Kidney Vetch (Anthyllis vulneraria), wild form, three plants in three 7cm square pots
Kidney Vetch (Anthyllis vulneraria)
An equally attractive plant for the garden or wilderness, Kidney Vetch has round clusters of small flowers which have a characteristic woolly appearance; they are usually yellow, but sometimes orange and red. The leaves are silky and white underneath. It can cope with dry conditions and is found on chalk grassland, cliffs and limestone areas, and around the coast of most of Britain.
Flowering from around April to September, Kidney Vetch is a great source of nectar for adult butterflies and other pollinating insects, as well as being a favourite foodplant of caterpillars of several butterfly species.
It is eaten by caterpillars of the delightful Small Blue Butterfly (Cupido minimus) which as its name suggests is one of our smallest butterflies. Growing on chalk soils, Kidney Vetch faces a constant challenge from aggressive agricultural grasses and other species, and in the absence of gentle grazing of the grass by herbivores may need our help to become established.

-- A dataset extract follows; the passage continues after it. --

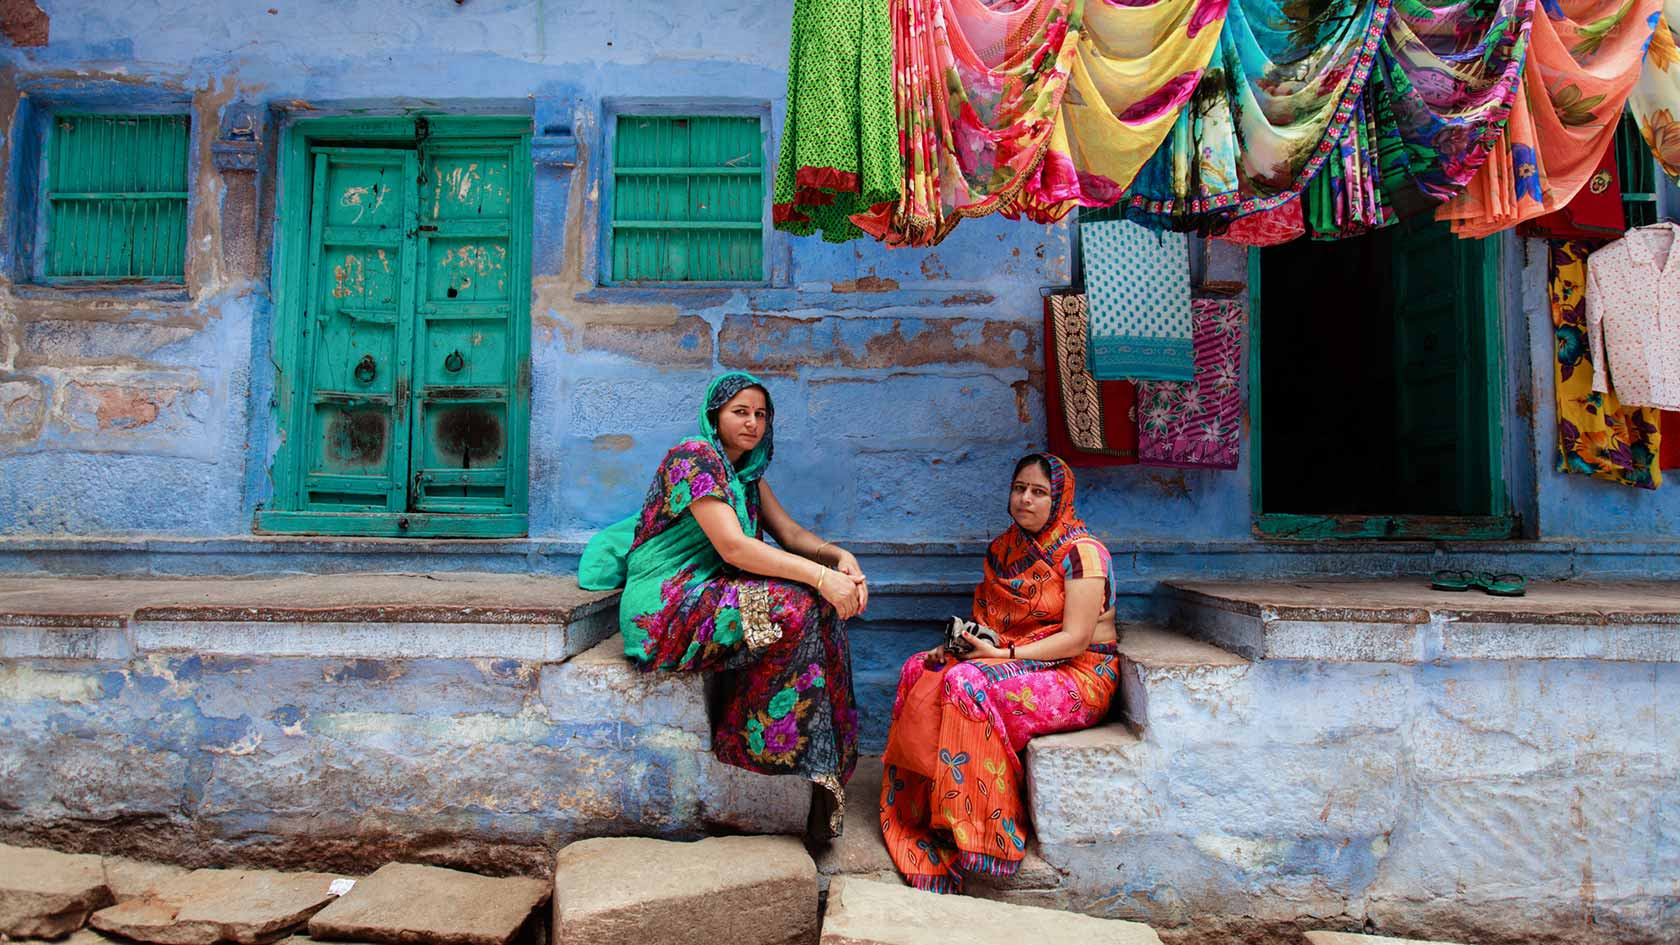 Richtung Indien: Der Weg zu Ihren Träumen
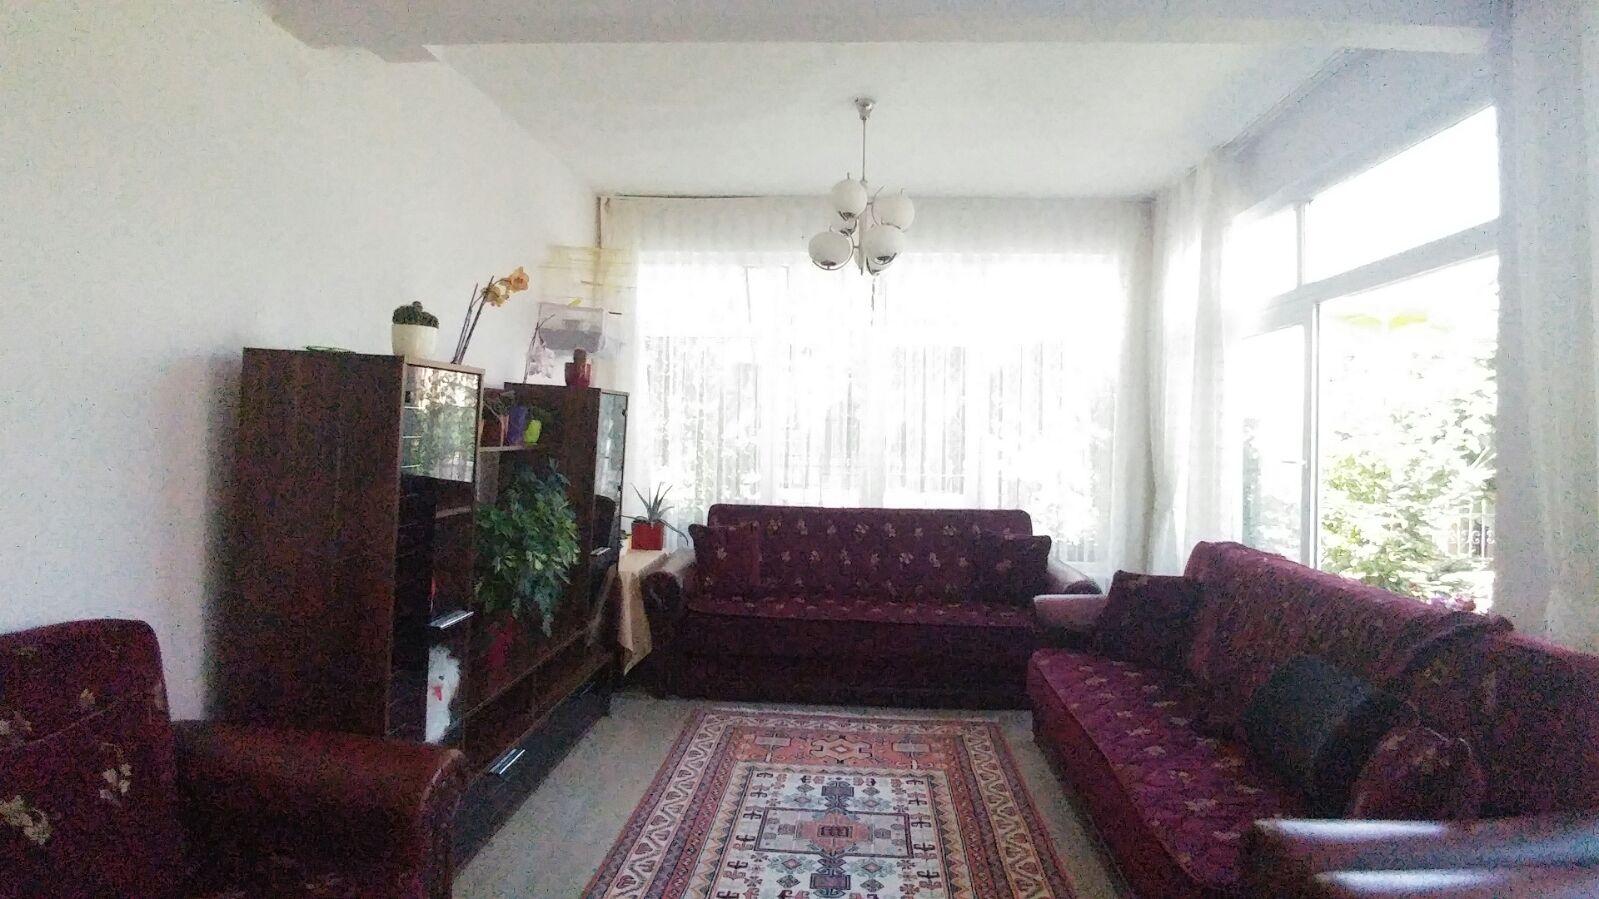 للبيع بيت مستقل في بيوك شيكميجه

At a glance, with its pretty yellow, pea-like flowers Kidney Vetch could be mistaken for Bird's-foot Trefoil, both of which are attractive as a nectar source to Small Blues, Common Blues, and other adult butterflies.
The female Small Blue seeks out Kidney Vetch growing in a sunny sheltered spot on which to lay her eggs which she positions carefully within the flower buds. It is the buds and seed that are eaten by the emerging caterpillars. The caterpillars of two species of butterfly which like the Small Blue are mainly confined to the south of England - the Chalk Hill Blue (Lysandra coridon) and Adonis Blue (Lysandra bellargus) - feed instead on the leaves.
You are purchasing 3 kidney vetch plants (the native species not an agricultural cultivar) in 7 cm square pots that have been grown by us at our nursery in Cupar, Fife, from native seed.